» **TASK OBJECTIVE**
Taking the line with "Imelda Staunton en" as the first and the line with "주차장으로 들어가는 터널과 출차하려고 올라오는 초록색 자동차" as the last, set down the lines below exactly, pictures excluded.

» **DATA FOR THIS TASK**
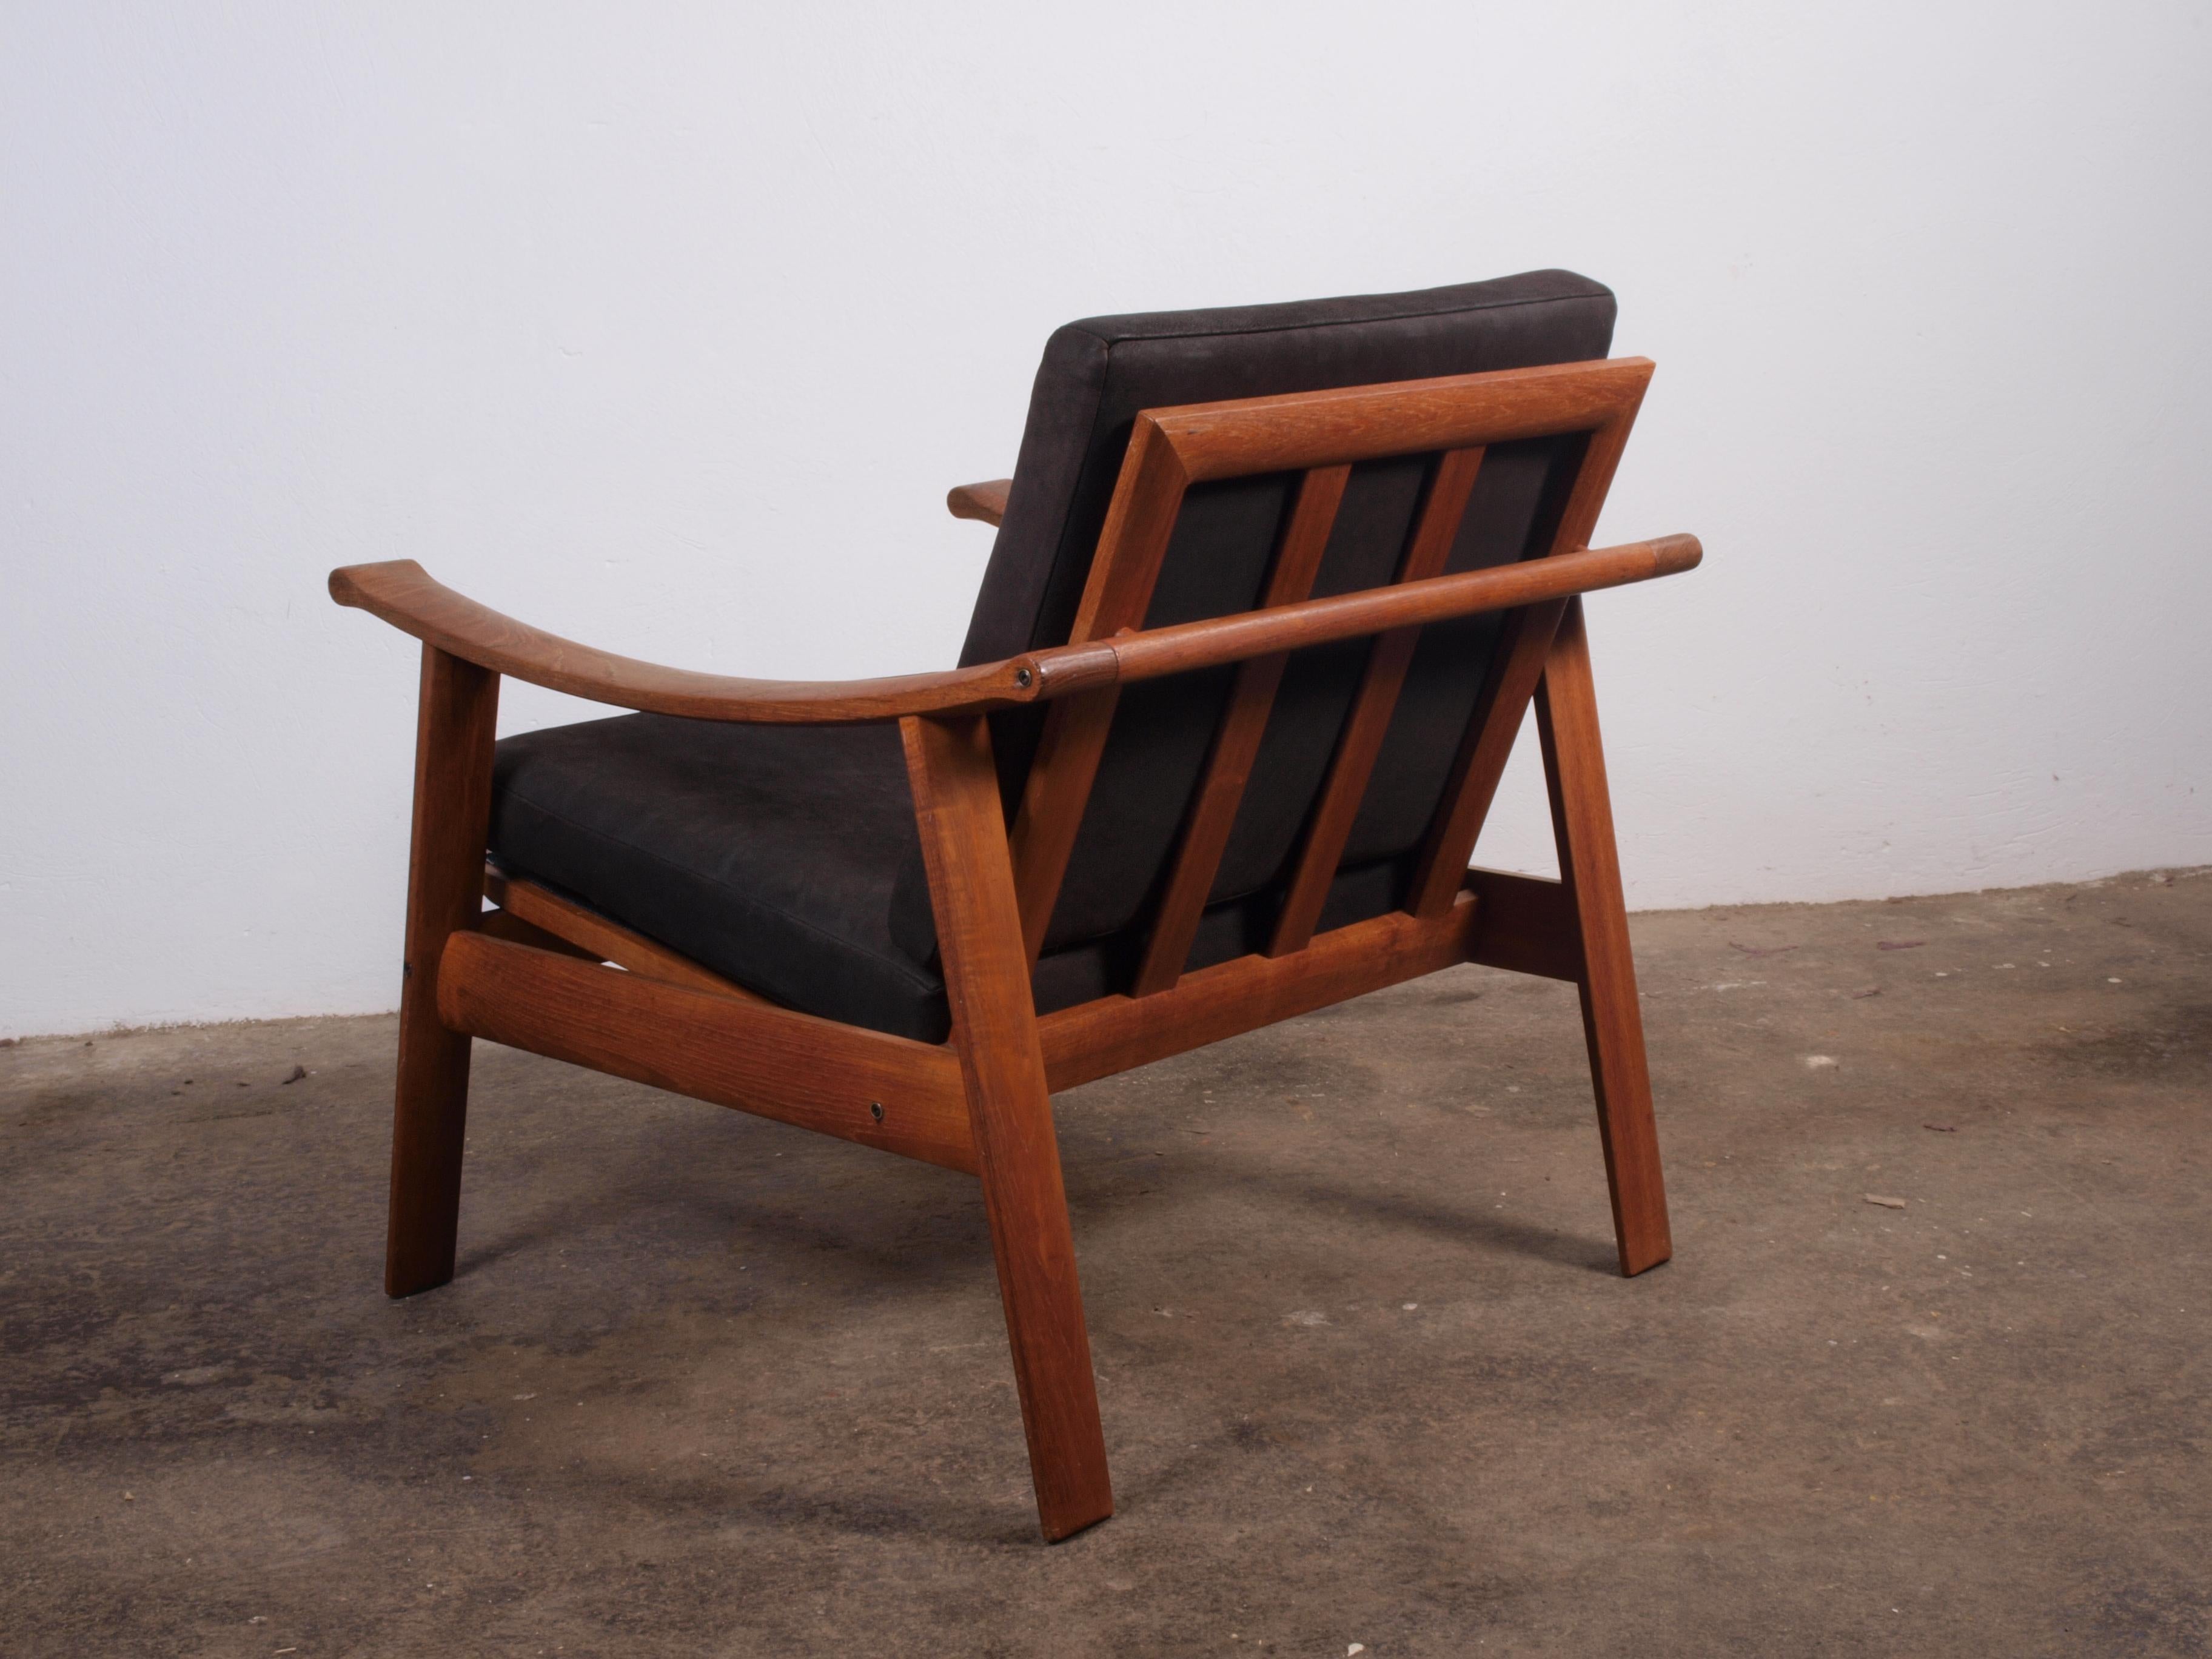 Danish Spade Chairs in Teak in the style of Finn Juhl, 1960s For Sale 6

...

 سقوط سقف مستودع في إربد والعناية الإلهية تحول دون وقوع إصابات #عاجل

==

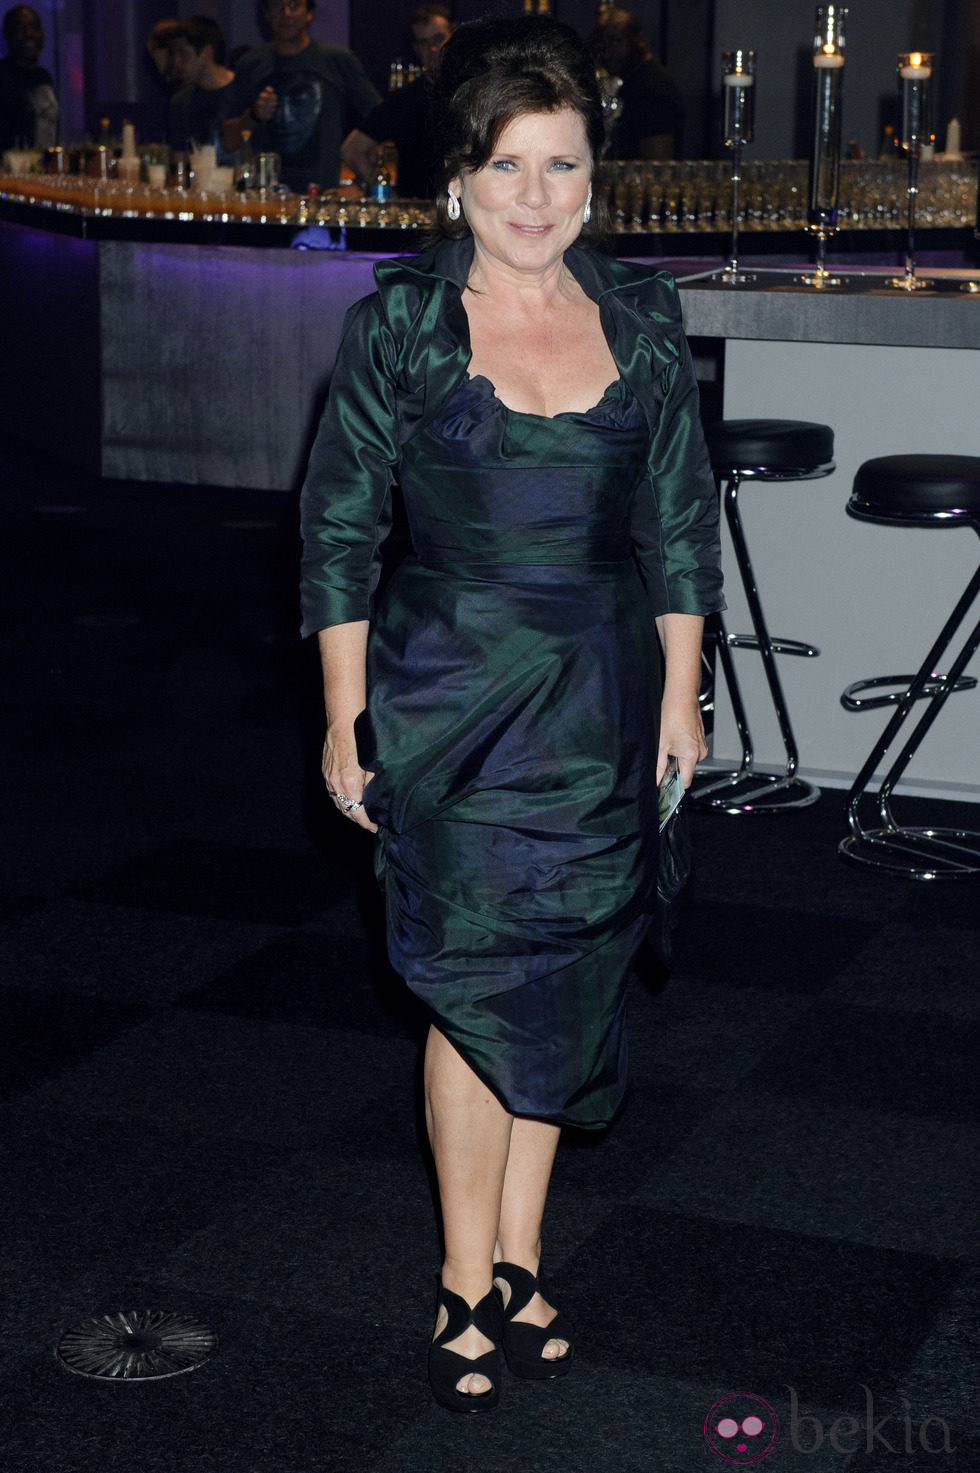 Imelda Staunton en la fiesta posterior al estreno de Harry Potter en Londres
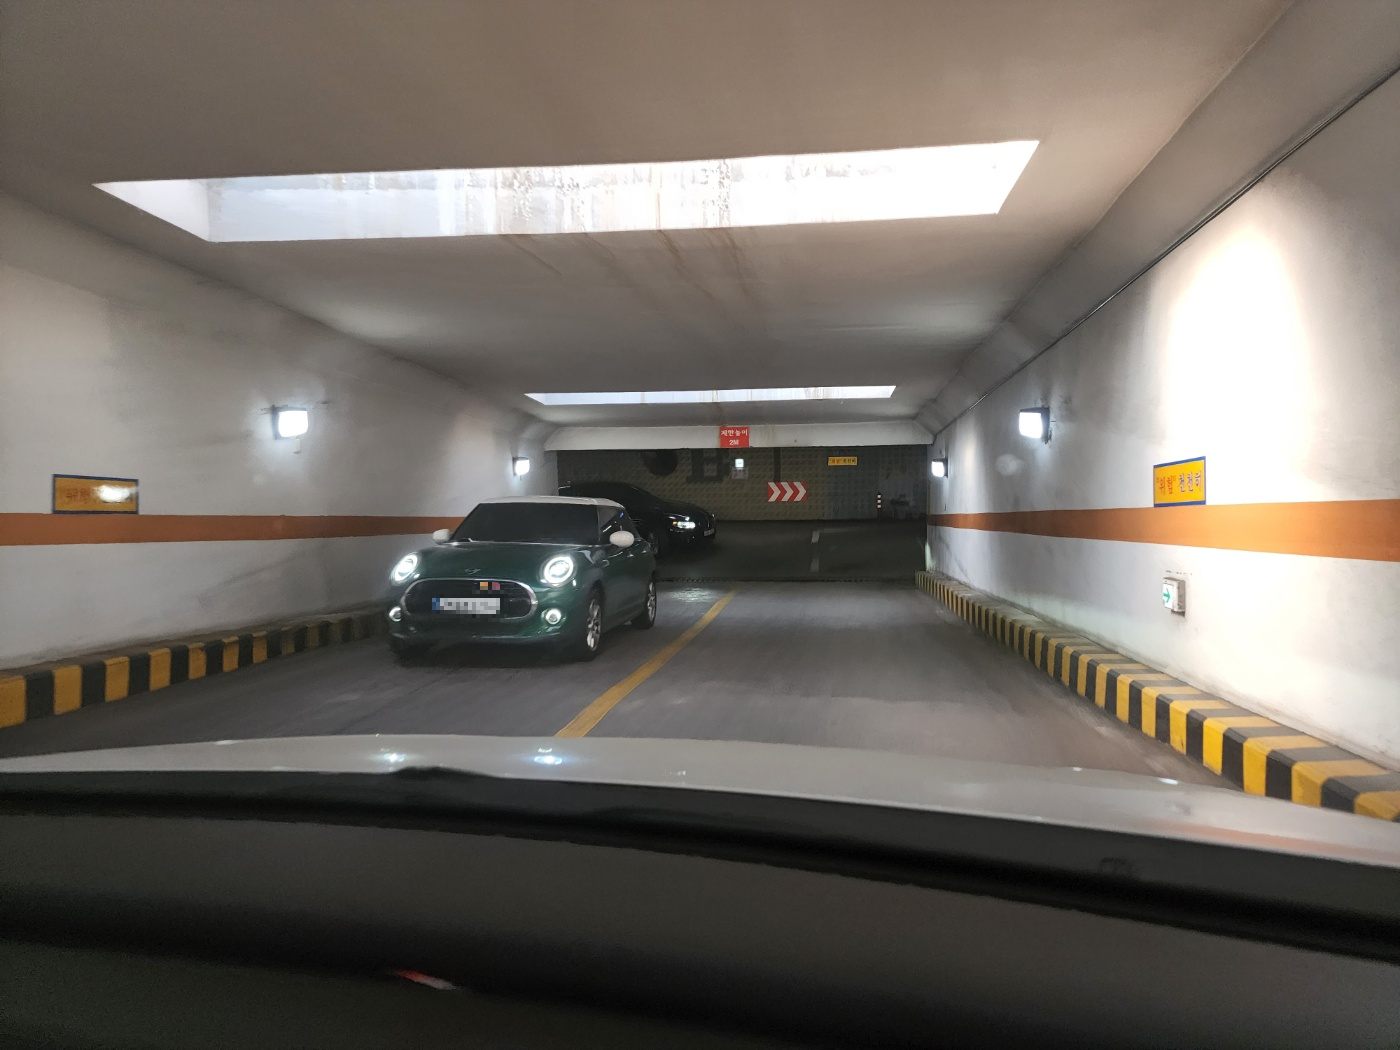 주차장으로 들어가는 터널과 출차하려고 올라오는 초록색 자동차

» **EXPECTED ANSWER**
 Imelda Staunton en la fiesta posterior al estreno de Harry Potter en Londres
 주차장으로 들어가는 터널과 출차하려고 올라오는 초록색 자동차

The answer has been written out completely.